Fine-structure constant and hysteresis regimes in the giant squid propagating action potential.

Abstract

We present a phase space based phenomenological theory for the steady propagation of the action potential using the Rosenthal-Bezanilla experimental data. Time derivatives of giant squid action potential, its velocity of propagation, the radius of the axon and its capacitance, and the resistivity of axoplasm, yield the total ionic, capacitive, and membrane currents of the charge conserving cable equation. Evidence is presented that the sodium channels lattice has a polarization flip at the inception of the action potential and the corresponding flip reversal at the peak of the action potential while traversing a ferroelectric hysteresis loop.

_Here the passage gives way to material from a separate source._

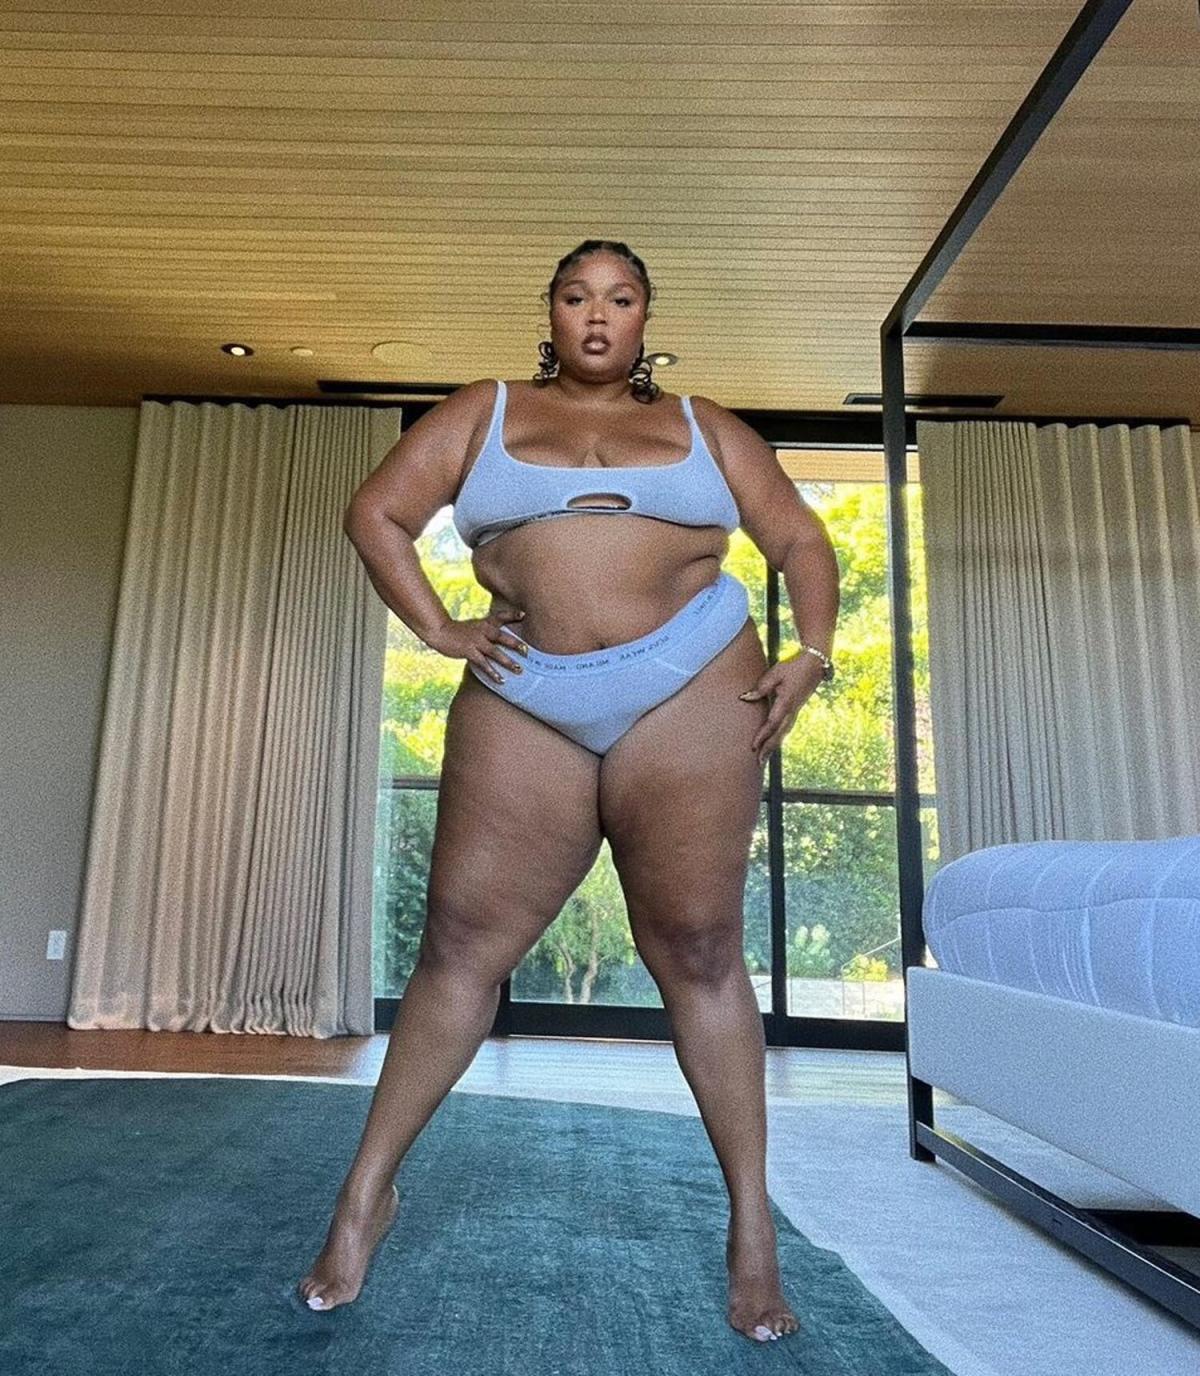 Lizzo shows off her curvaceous behind in a VERY revealing thong workout set

The polarization flip at the inception of the action potential is followed by capacitive polarization current known as gating current. The polarization flip at the peak of the action potential is preceded by a small sodium polarization current associated with sodium current inactivation. Ionic currents and sodium polarization ionic currentsare taken to have the familiar structure, as the product of maximum conductance, driving force, and fraction of open channels. Fractions of open channels are fitted in the lab frame by modified Avrami equations seeded with the value of the fine-structure constant α = 0.0072973... . The existence of sodium channels domains with two different symmetries, albeit only one being stable in squid axon, suggests the possibility of neurons with at least 2 stable states, the necessary condition for storage and retrieval of memories. It is expected that presented results will provide the framework for further analysis of thermodynamic phase changing behavior, the role of quantum mechanics in the flow of ions trough ionic channels and in particular the role of ferroelectric sodium channels lattice behavior in storage and retrieval of memories and nerve excitability.